ACTIVITY - Pictures are to be omitted; everything else in the data must be transcribed exactly.

==== INFORMATION SUPPLIED ====

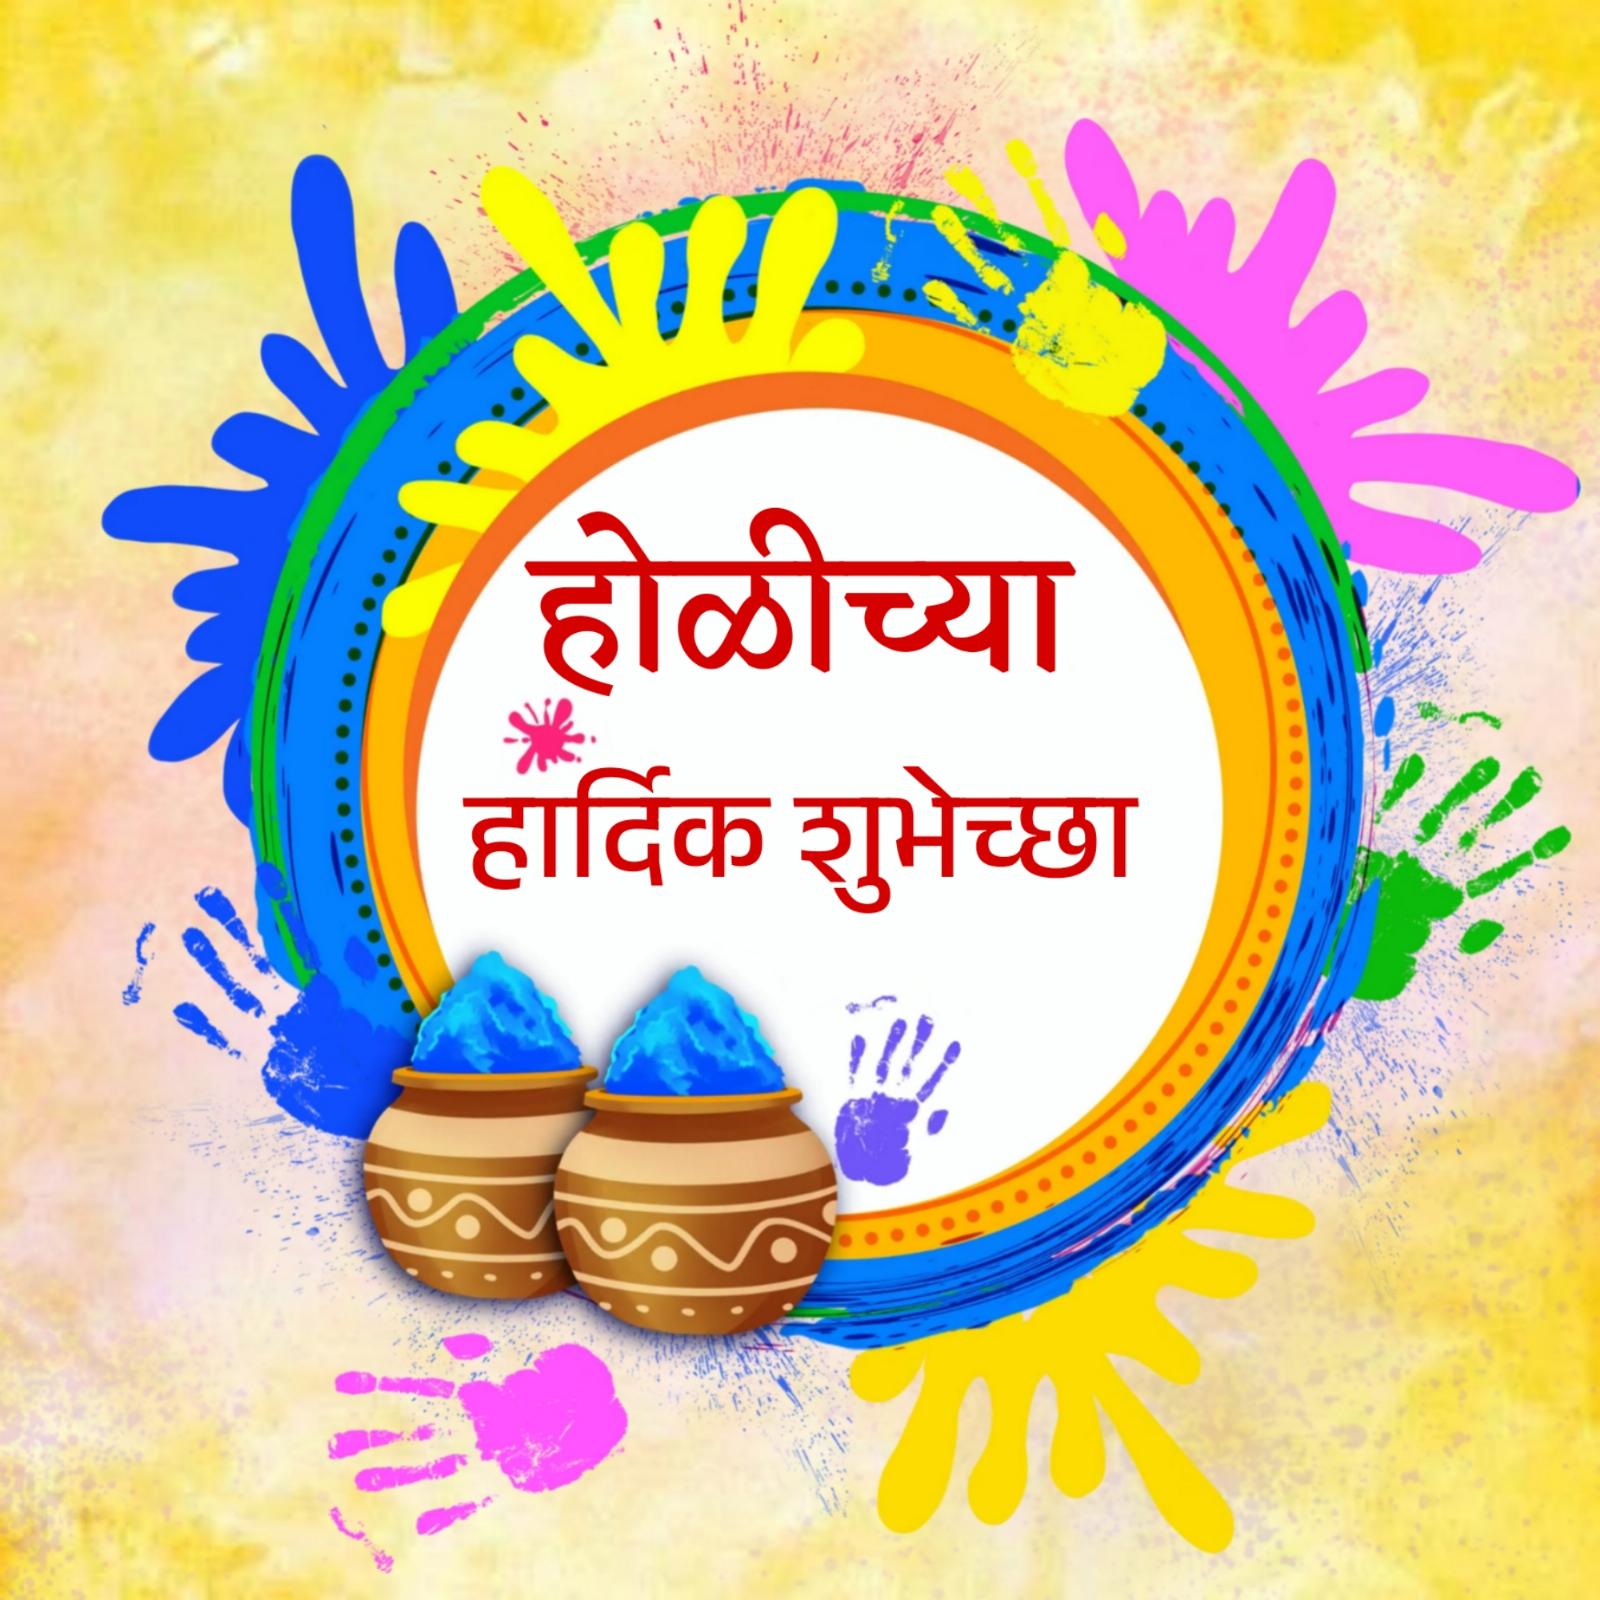 Happy Holi Images in Marathi
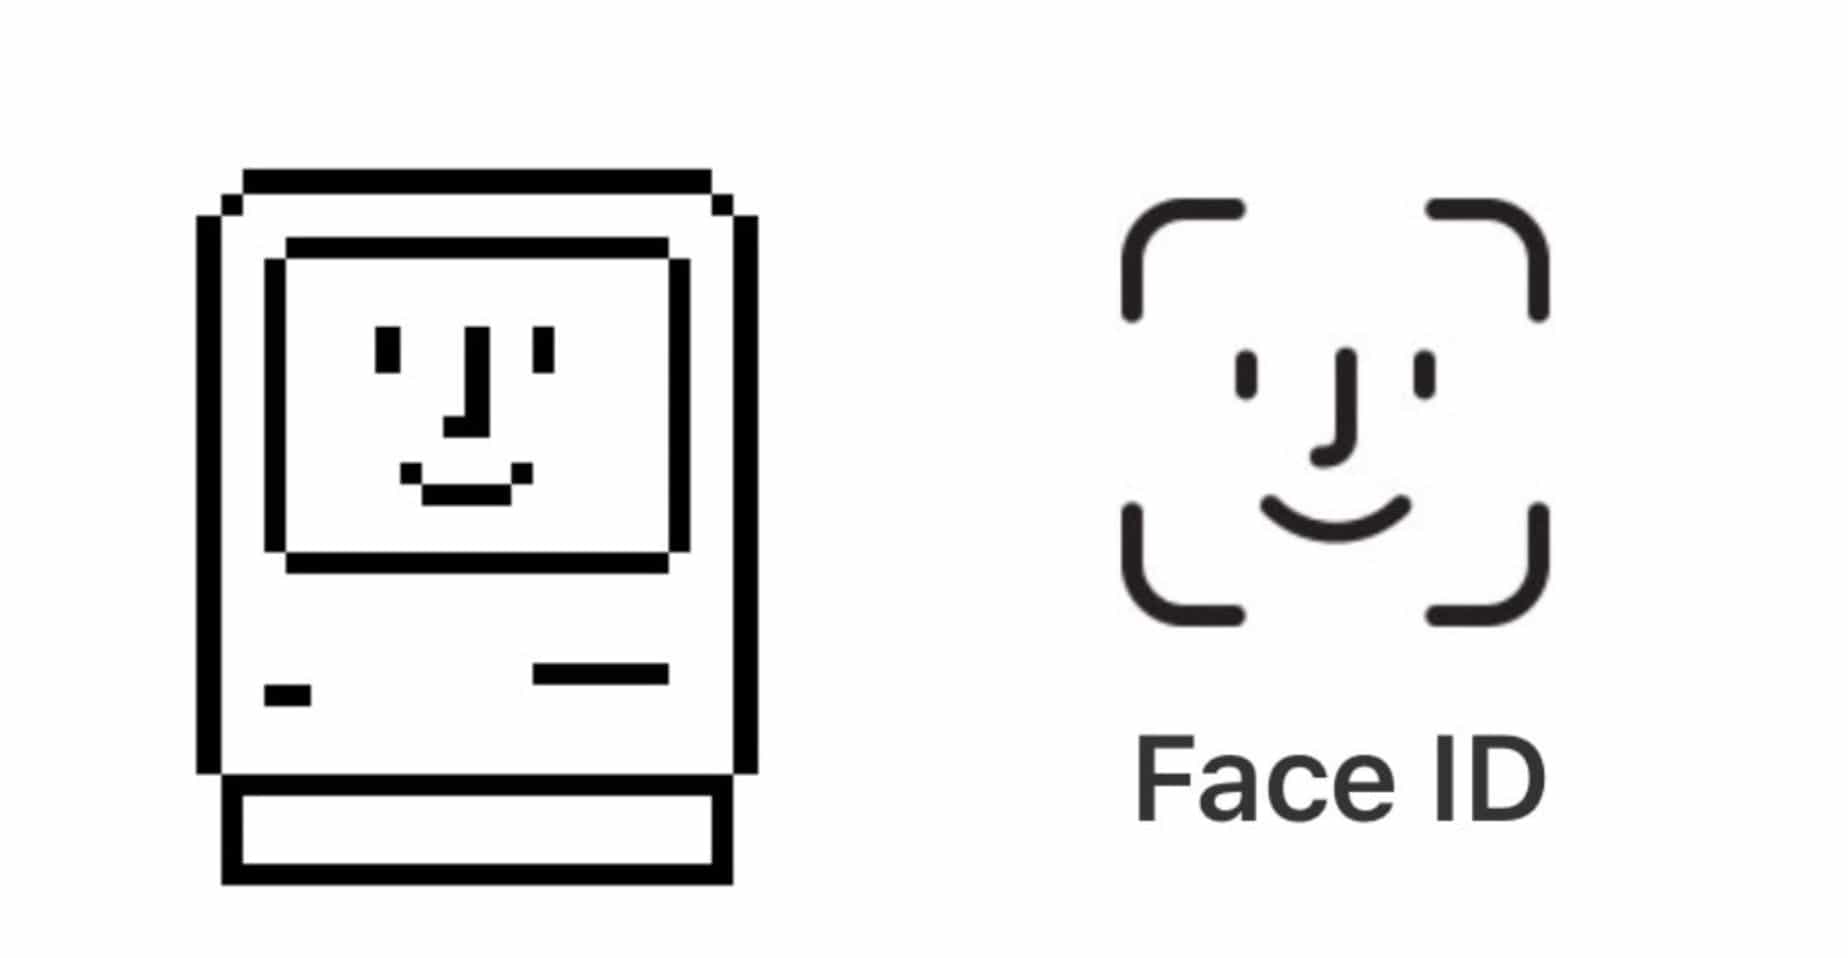 Mac Logo - Face ID logo resurrects a classic Macintosh icon | Cult of Mac
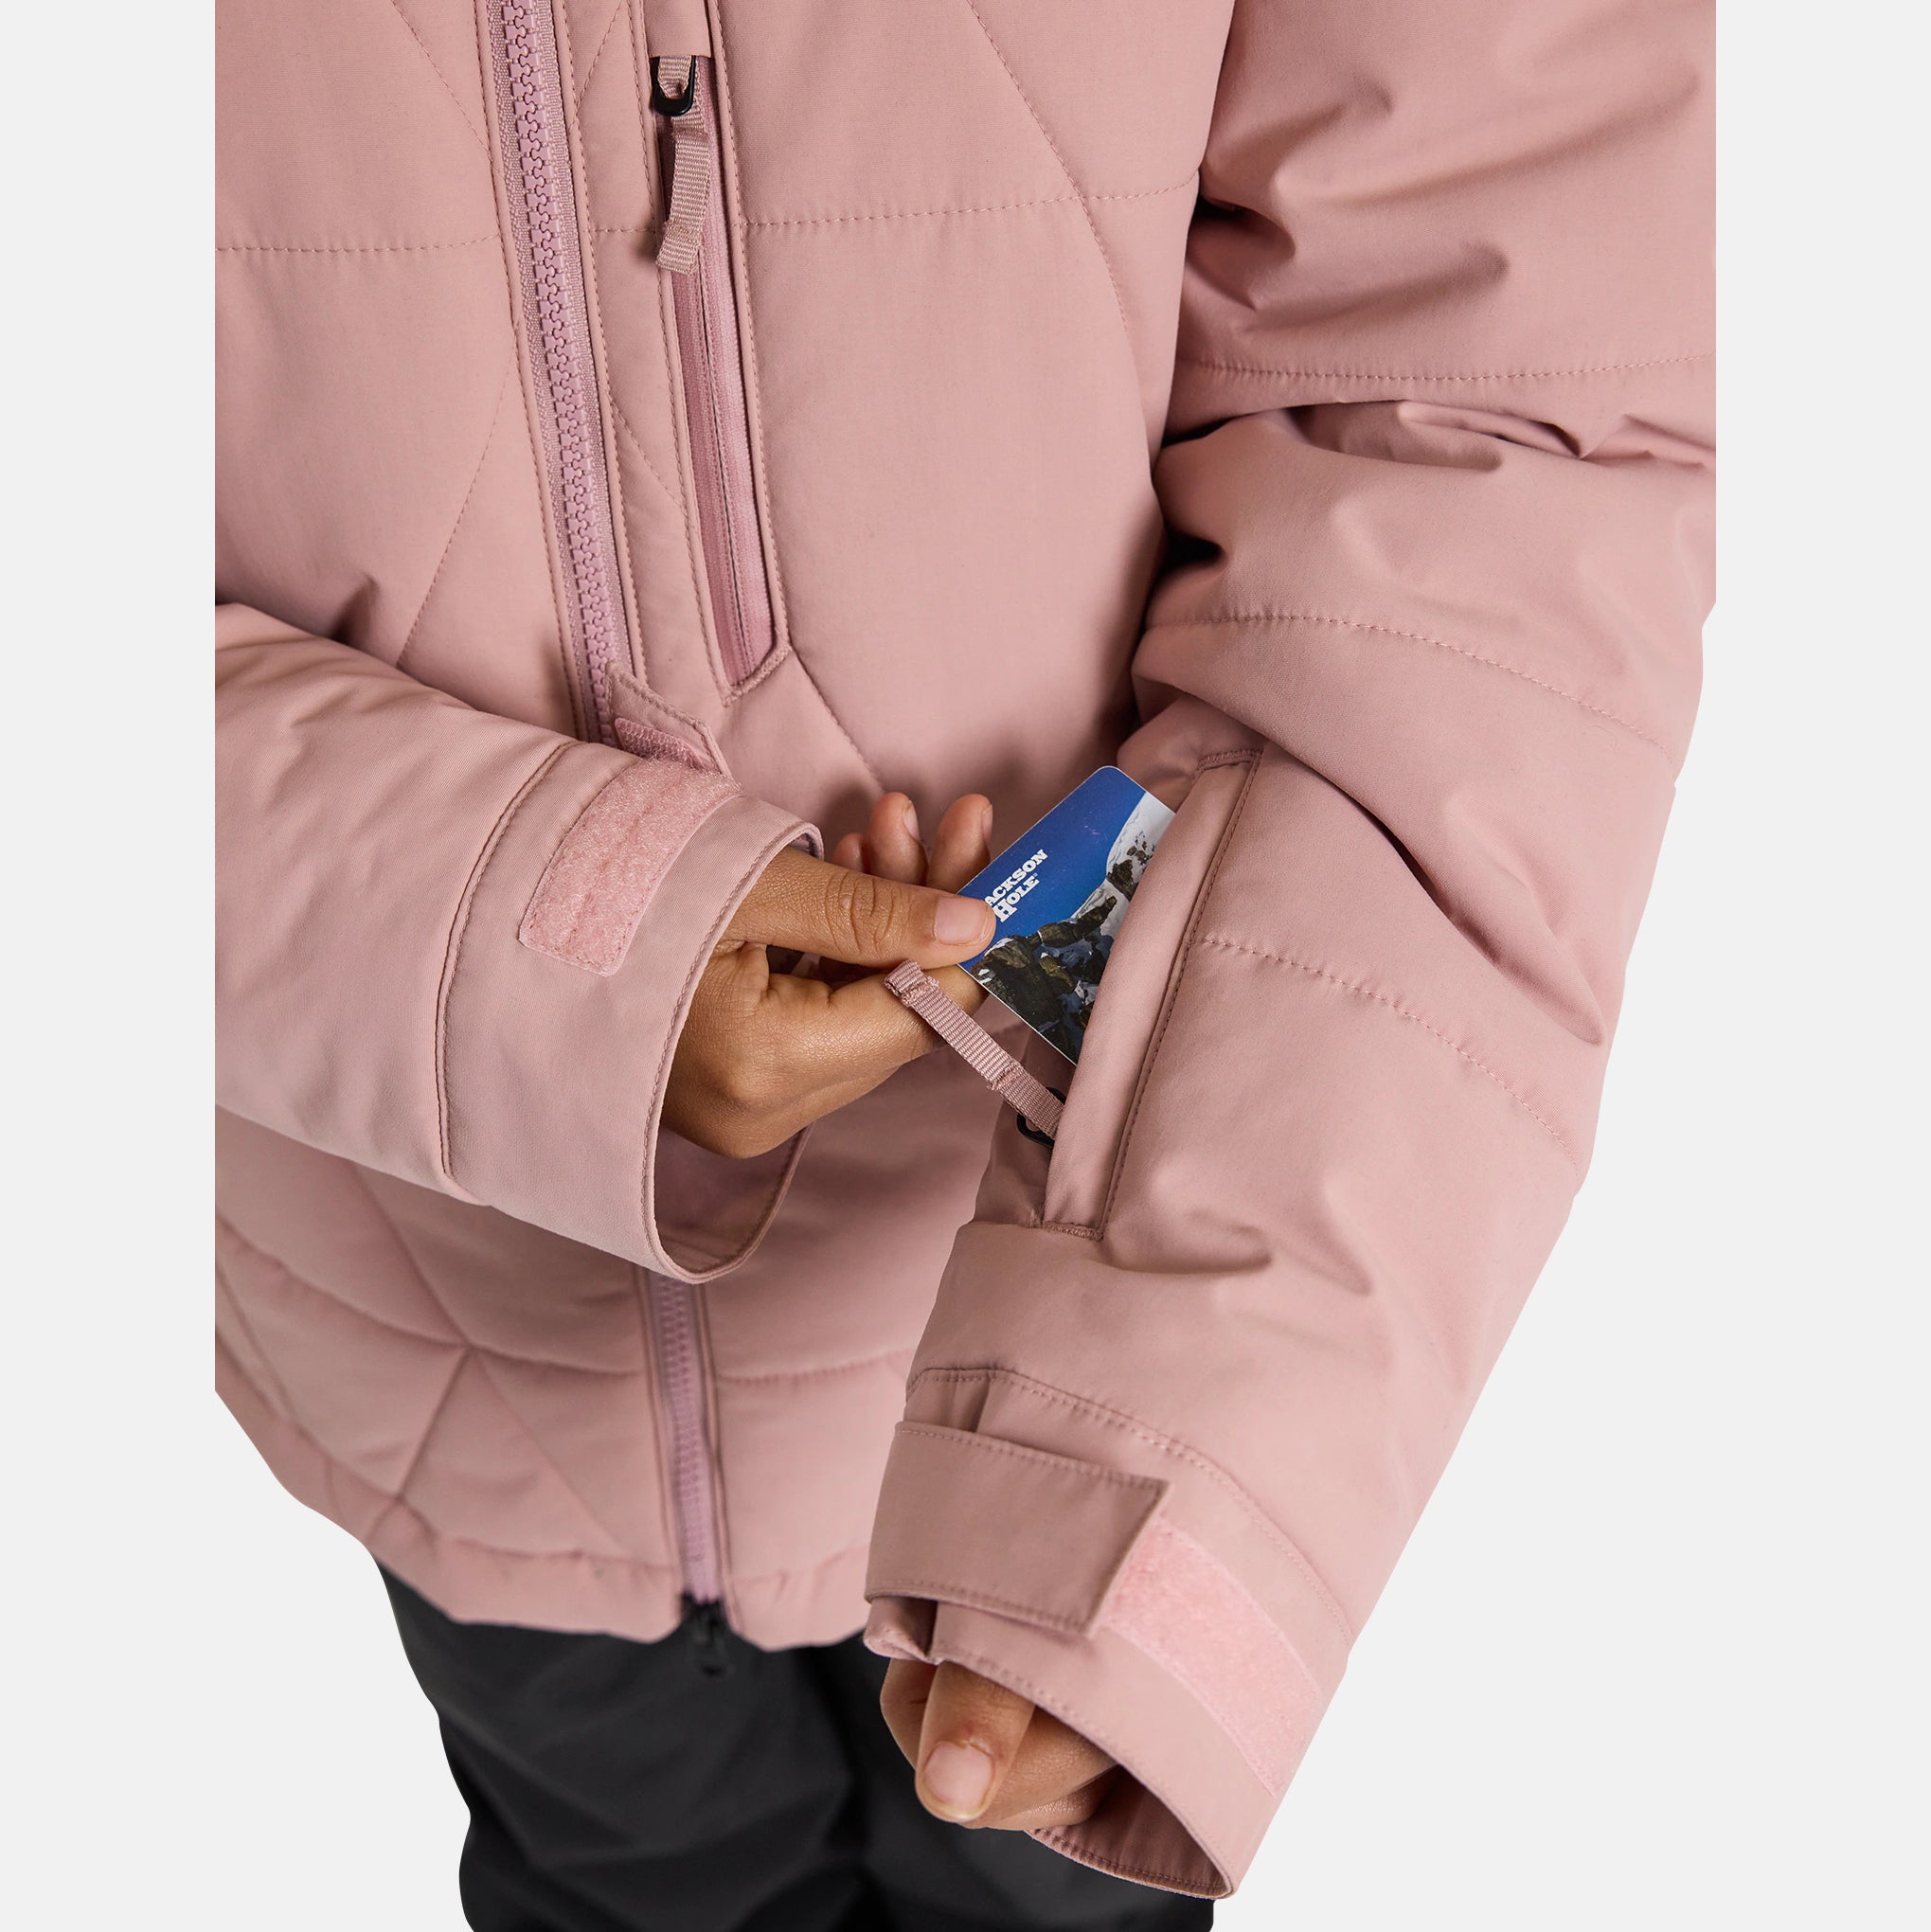 Girls Pink Snow Jacket

====

ANSWER AREA -
 Happy Holi Images in Marathi
 Mac Logo - Face ID logo resurrects a classic Macintosh icon | Cult of Mac
 Girls Pink Snow Jacket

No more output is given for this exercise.